Digital systems can identify concentration risk, dependency clusters and upstream bottlenecks, but they cannot force executives to accept the commercial and regulatory trade-offs involved in changing suppliers, qualifying alternatives or carrying more inventory. In practice, many organisations can now see fragility more clearly than ever before, but still make decisions that preserve efficiency over flexibility.
That tension is increasingly visible in the latest wave of supply chain redesign. Pharmaceutical Commerce reported that enforcement of the Drug Supply Chain Security Act across 2025 and 2026 has made interoperable, package-level traceability a major constraint, while tariffs and trade volatility are pushing companies to reconsider sourcing models.
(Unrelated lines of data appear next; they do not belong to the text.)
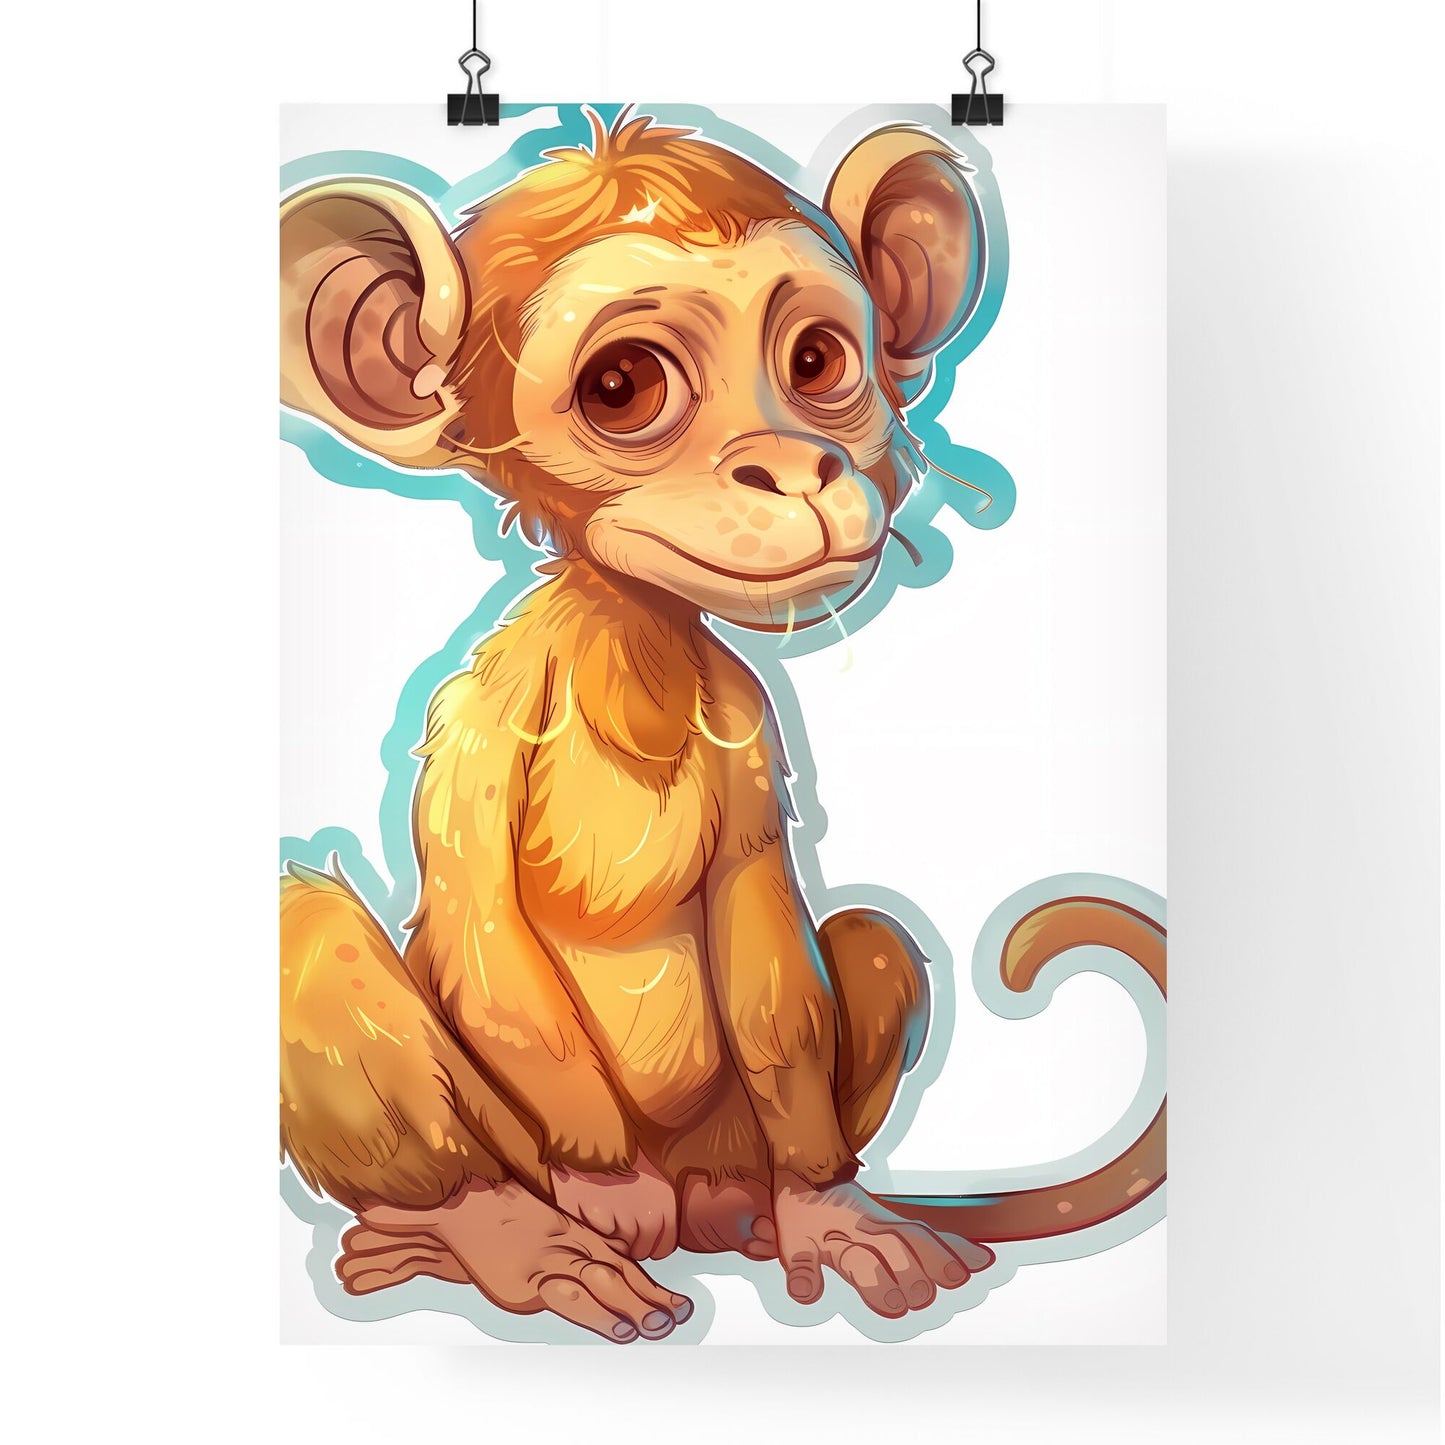 Mischievous Monkey in Vibrant Art: Humorous Animal Sticker with Simple Illustration Style, Emphasizing Expression and Pose Default Title
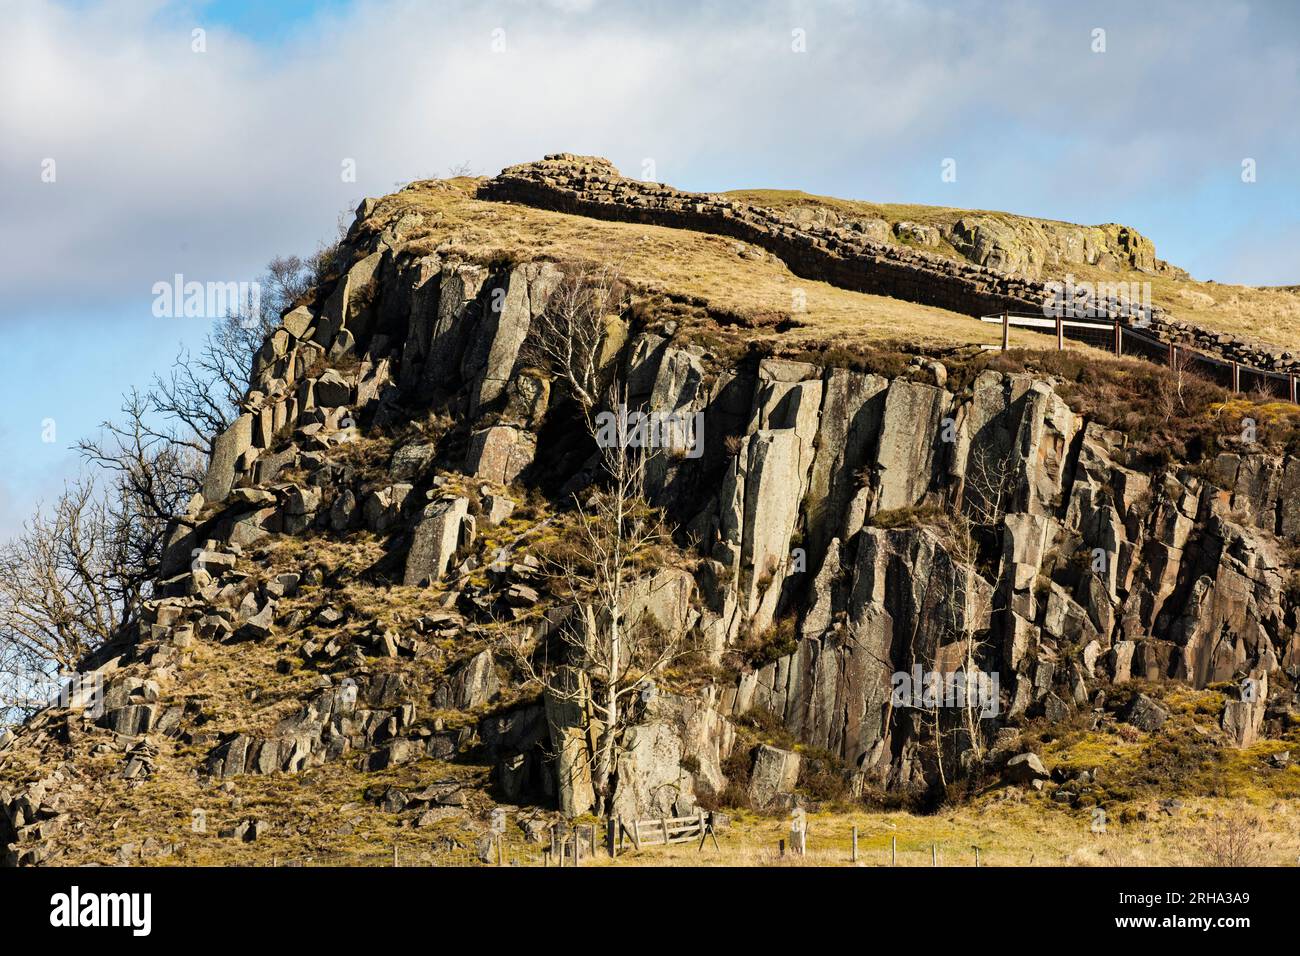 Hadrians Wall follows the line of Walltown Crags, part of the Whin Sill dolerite rocks near Greenhead, Northumberland Stock Photo
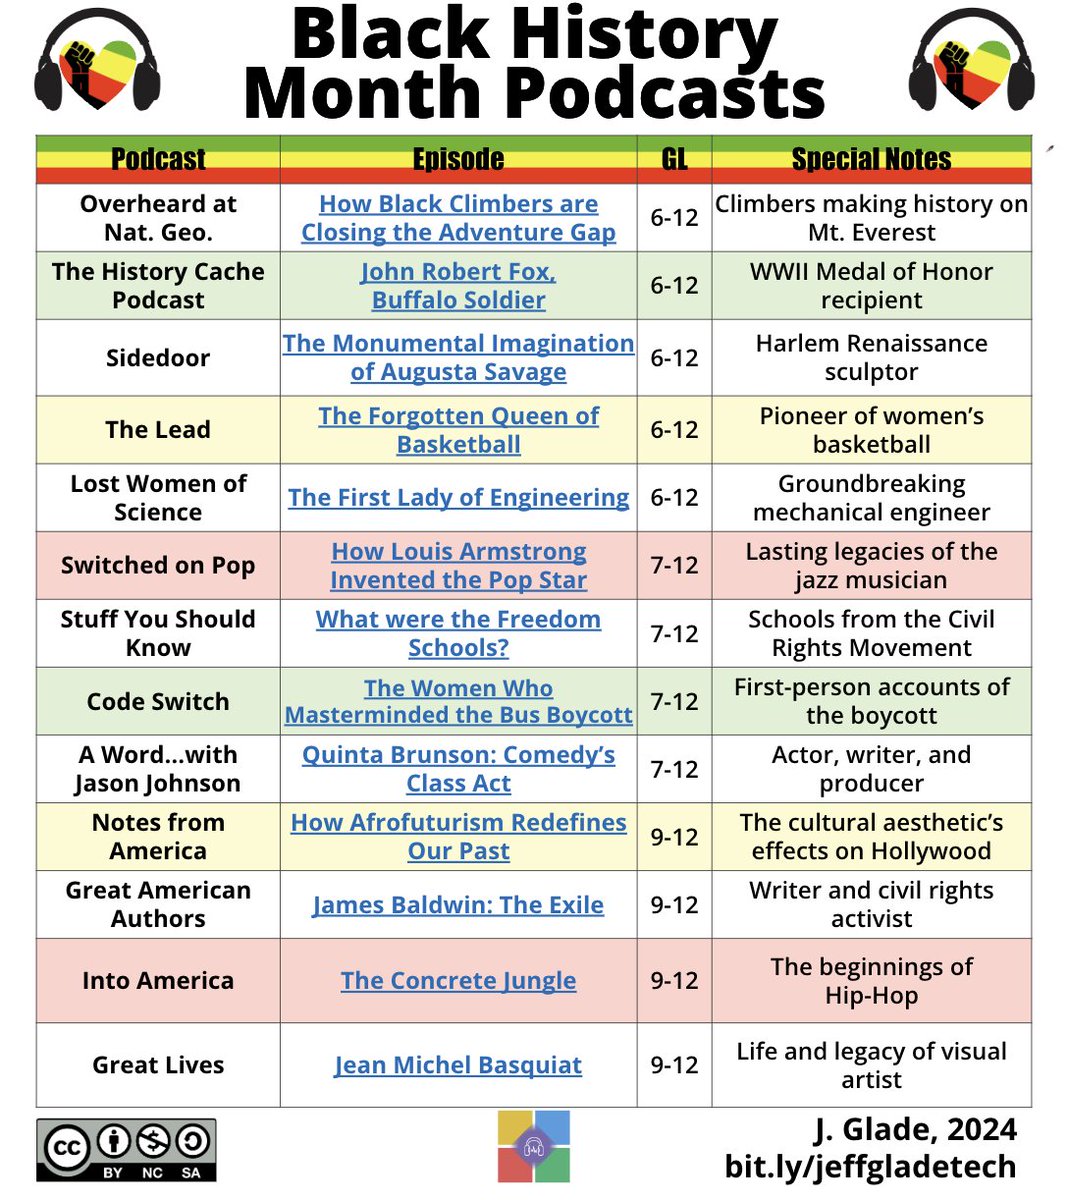 I’ve curated podcasts for #BlackHistoryMonth and beyond! These episodes celebrate Black stories, accomplishments, and joy! Options for PreK-12 include: 🎾 Athletes 🔬 Scientists 🎶 Music 🔥 Trailblazers ‼️ Lots more Full, free list ⬇️ bit.ly/BlackHistoryMo… #FETC #TCEA
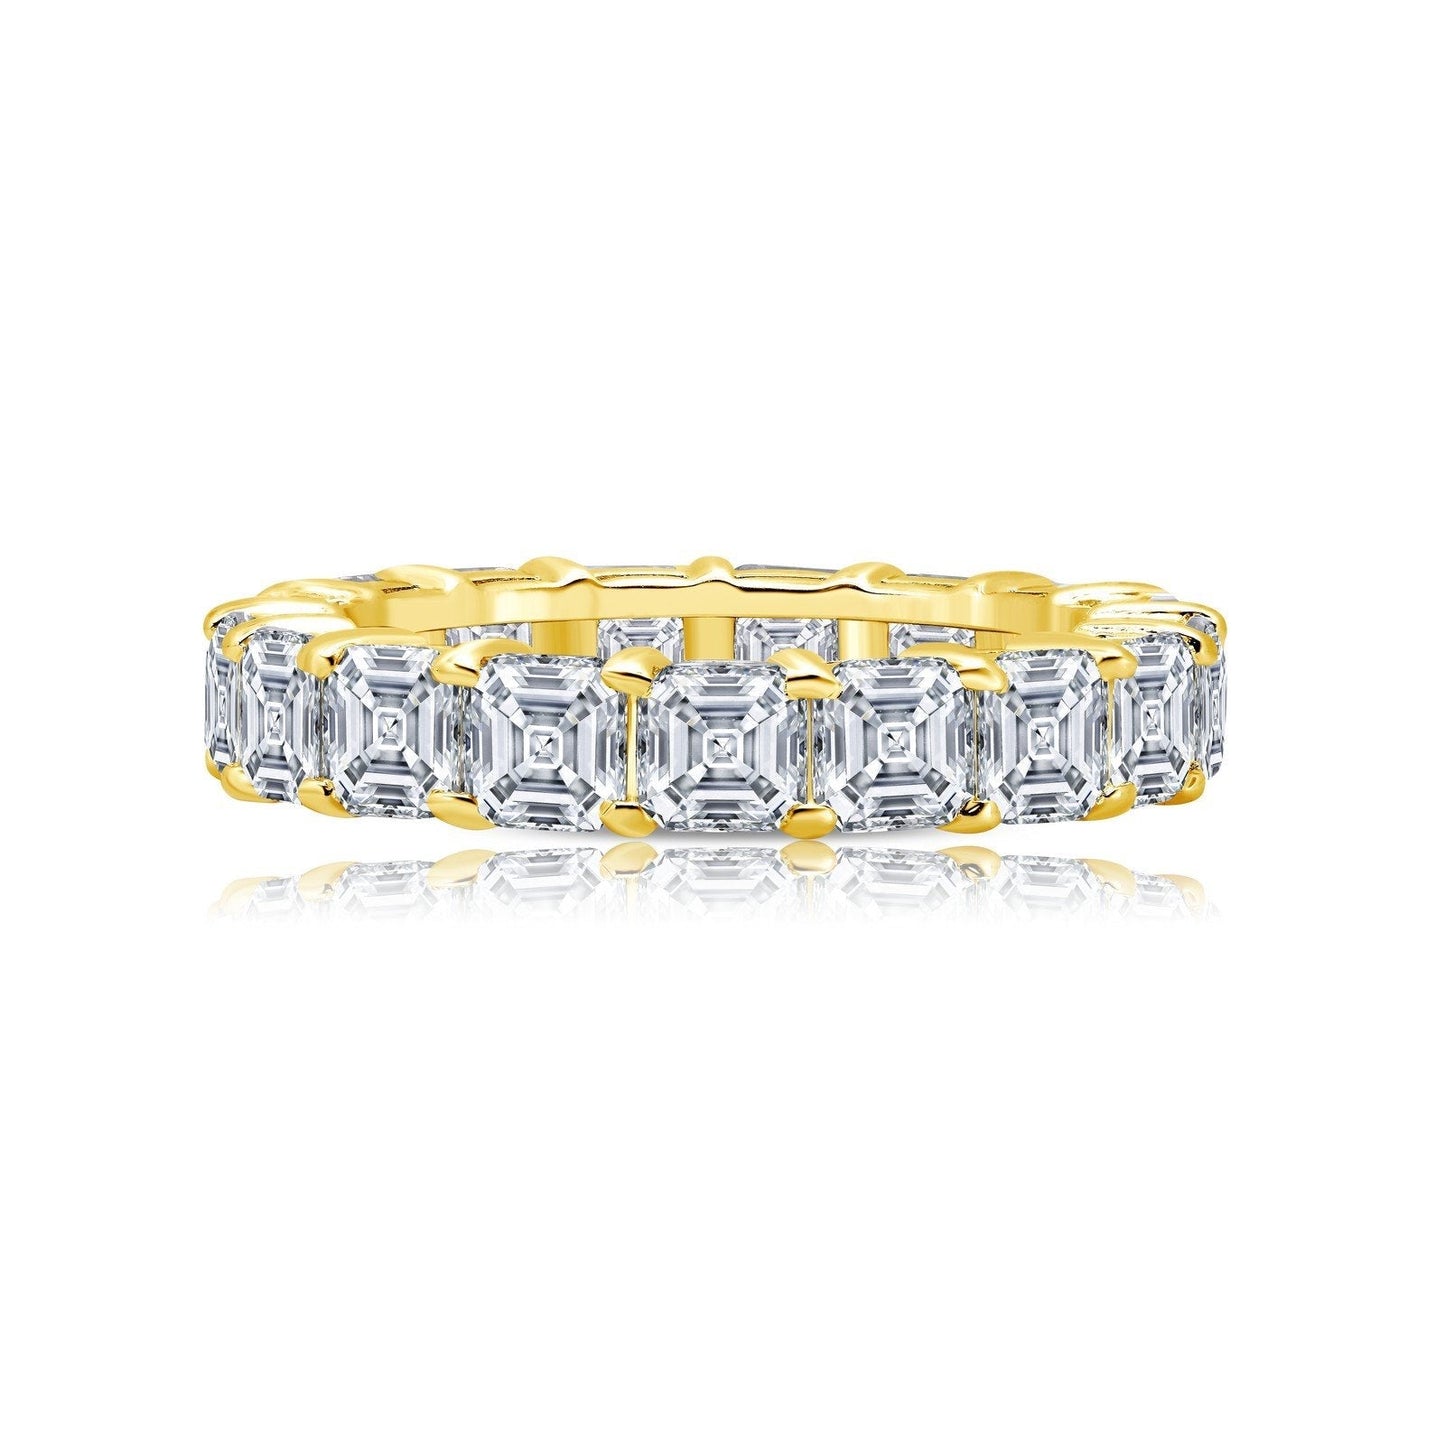 Lafonn 6.63 CTW Anniversary Eternity Band Simulated Diamond RINGS Size 9 Gold 6.63 CTS Approx. 4mm (W)

The same report said AI control towers and digital inventory twins are being used to reroute shipments and rebalance stock, but only within guardrails that still depend on human decision-making.
Deloitte has found a similar pattern. Its research suggests biopharma firms have seen gains from digitalisation, particularly in risk-sensing, yields, warehouse efficiency and sourcing, but not to the degree many executives expected. In other words, the tools are improving operations, but they are not automatically rewriting the incentives that shape supply chain design.
One of the most persistent blind spots remains visibility beyond direct suppliers. Companies may know their tier-one partners well, but they often have little clarity about those suppliers’ own dependencies, especially where specialised inputs are concentrated in a small number of countries or facilities. That matters in pharmaceuticals more than in many other industries, because a single missing precursor can ripple quickly through the chain.
The result is a familiar pattern: resilience measures are discussed when conditions are calm, then postponed because they look too expensive or too disruptive. When a shortage or geopolitical shock arrives, the same options suddenly appear urgent, but the room to manoeuvre is already much smaller.
The real lesson is that resilience is not a software upgrade. It is a leadership choice. Technology can surface the risks, but it cannot replace the decisions that determine whether a supply chain is designed to absorb shocks or merely to operate cheaply until it cannot.